China's iron ore futures extend pullback amid supply speculation

* Dalian iron ore falls as much as 4.7 pct

* Market seen nervous ahead of China trade data

By Enrico Dela Cruz

MANILA, Feb 13 (Reuters) - Iron ore futures in China fell for a second straight session on Wednesday, dropping nearly 5 percent, as the market awaited clarity on the magnitude of supply disruption following Vale SA’s dam closures.

Steel prices also fell as worries over weak demand in top consumer China persist.

The most traded iron ore on the Dalian Commodity Exchange slid as much as 4.7 percent to 615 yuan ($90.93) a tonne.
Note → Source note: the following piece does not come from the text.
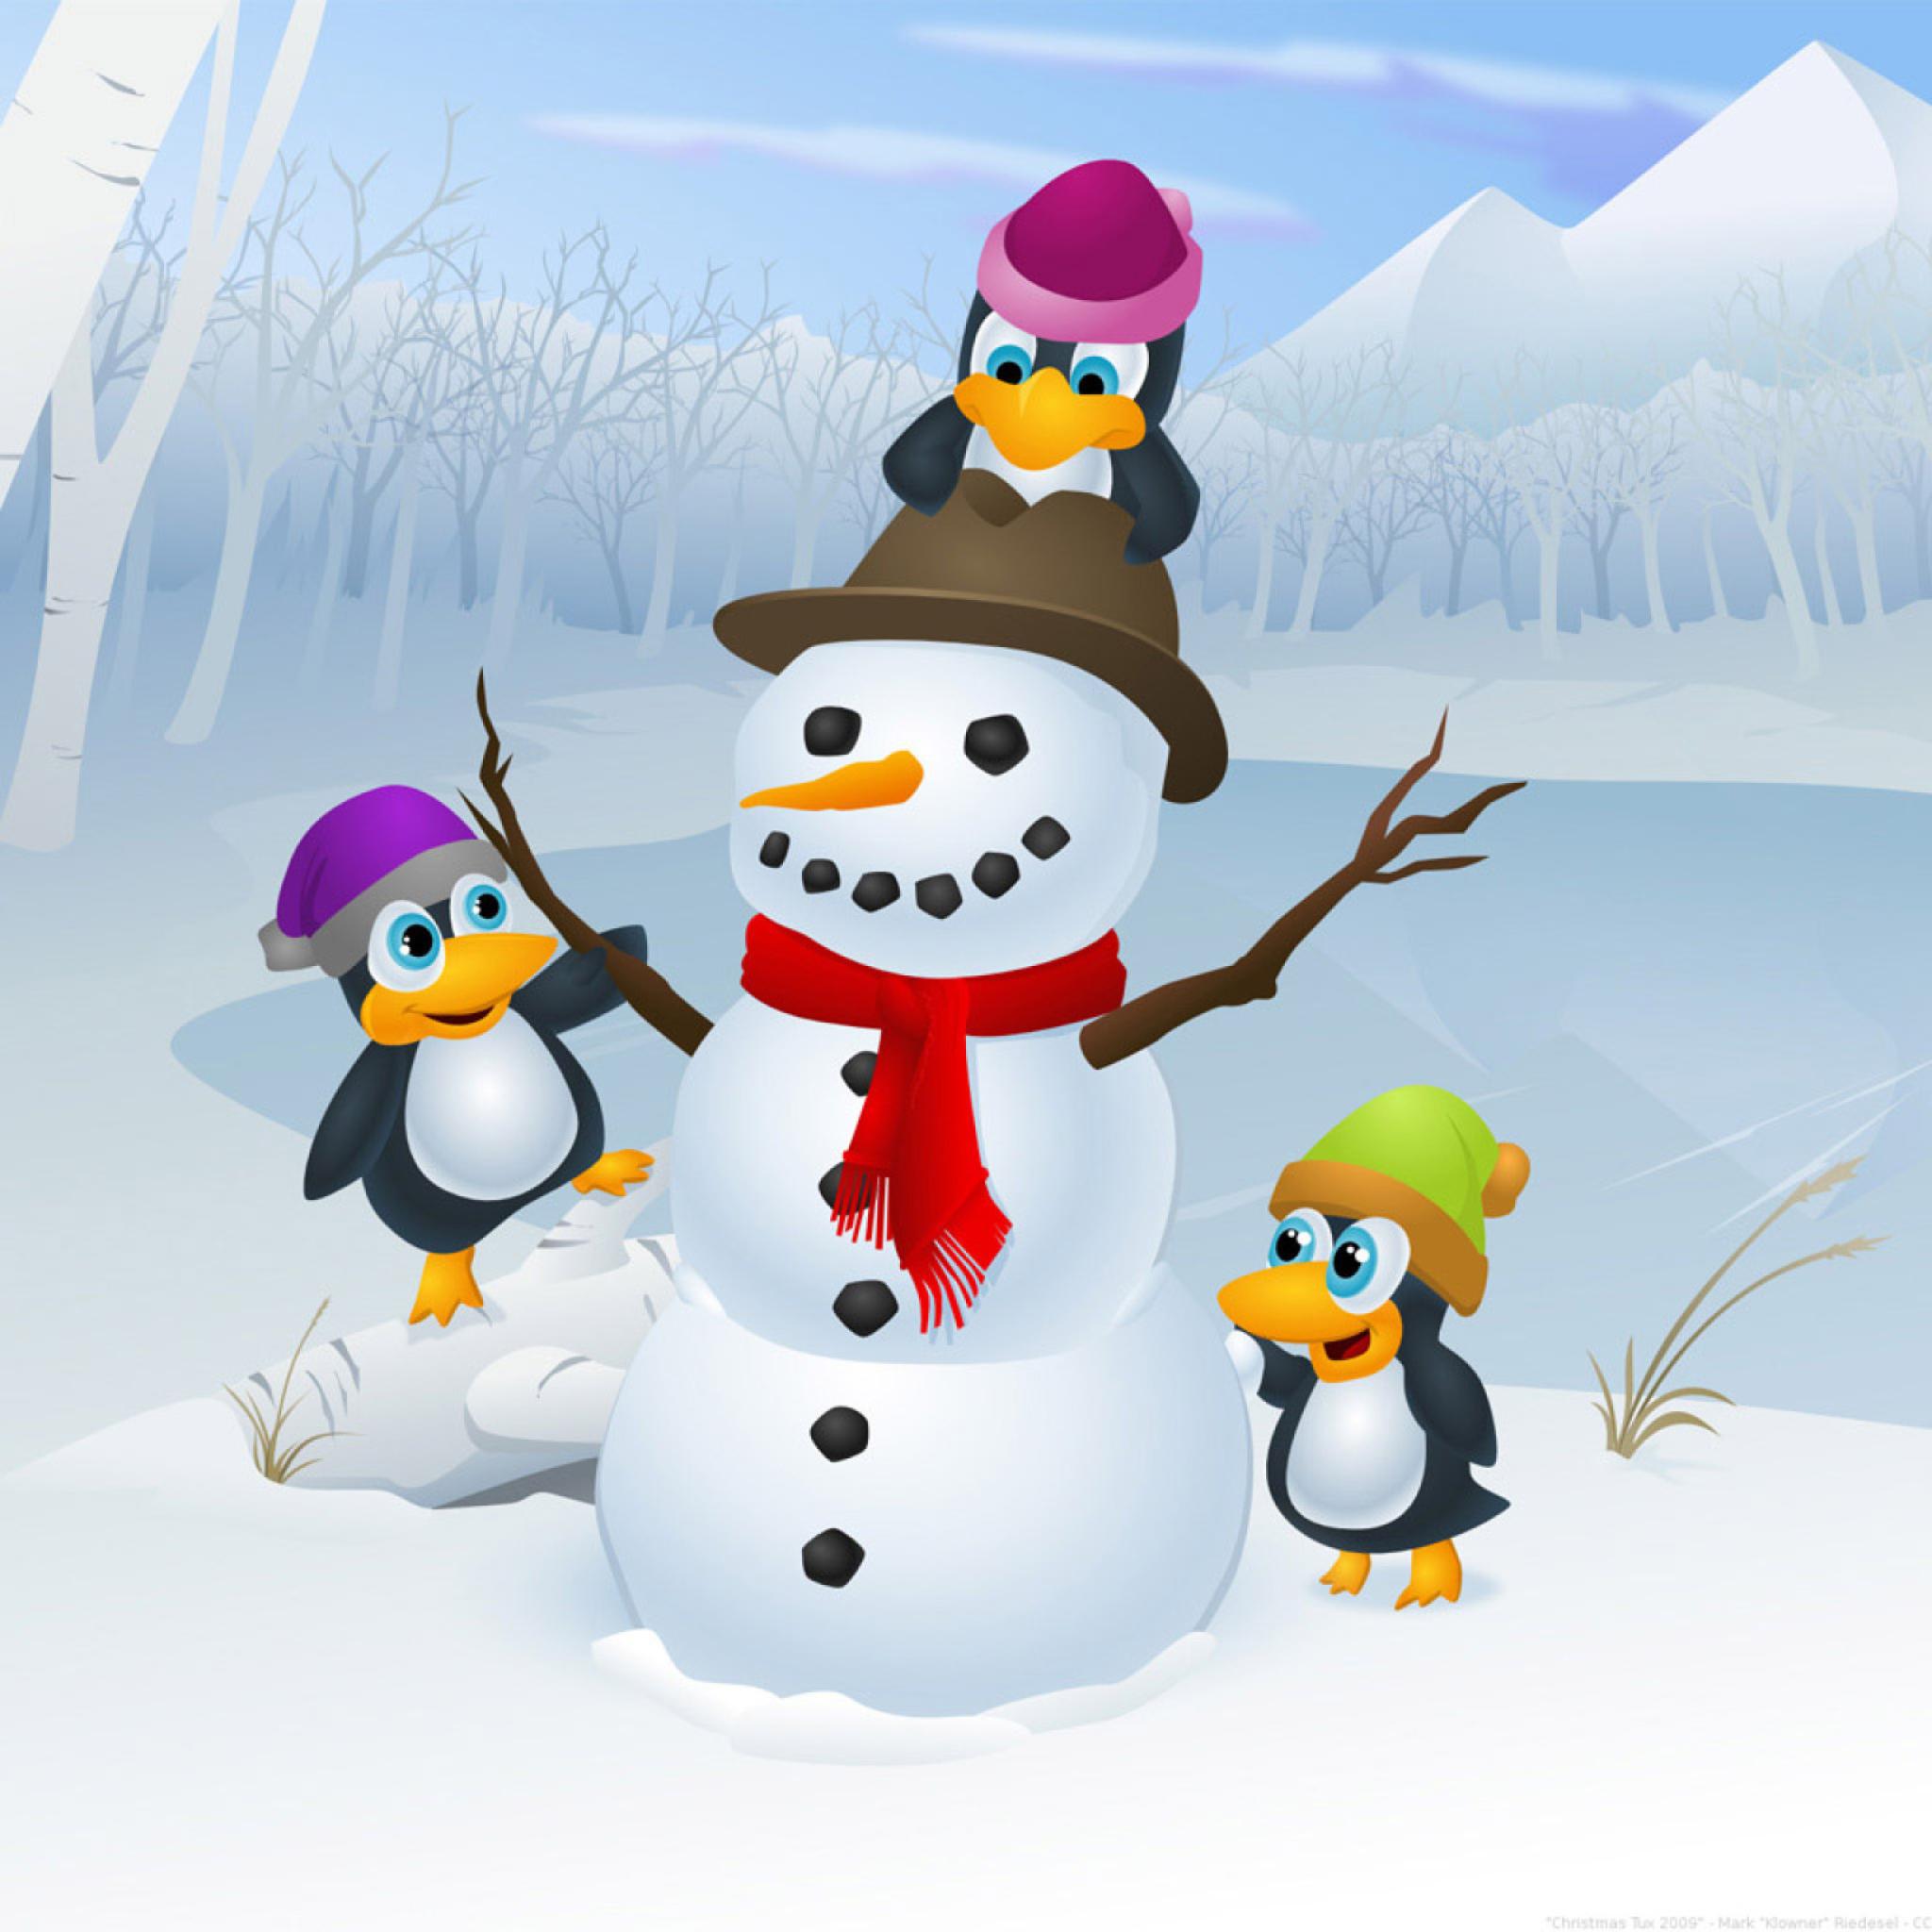 Картинка с снеговиком, курбаном татарском

The steel-making raw material hit a record high 657.5 yuan on Tuesday but ended lower after an eight-day rally.

“I think this is just a natural volatility after such a big supply shock,” said Daniel Hynes, senior commodity strategist at ANZ. “At the moment no one is really sure how things will progress (in Brazil) in the immediate term.”

Brazilian miner Vale, the world’s largest iron ore producer, has declared force majeure on some iron ore contracts after a court-ordered halt to a mine responsible for nearly 9 percent of its output following a dam burst that likely killed more than 300 people.

Other steel-making ingredients were also lower, with coking coal down 0.7 percent at 1,276 yuan a tonne by 0216 GMT, while coke slipped 2.2 percent to 2,055.5 yuan.

The most-active rebar contract on the Shanghai Futures Exchange fell as much as 2.2 percent to 3,711 yuan. Hot rolled coil dropped almost 2 percent to 3,613 yuan.

“That probably has something to do with the economic outlook in China. We’ll wait and see how the data this week pans out. I do suspect the market is getting a little nervous,” Hynes said.

China’s trade engine likely remained stuck in reverse in January, with imports and exports expected to fall for the second month in a row, adding to concerns the economy may be at risk of a sharper slowdown.

The trade data will be released on Thursday.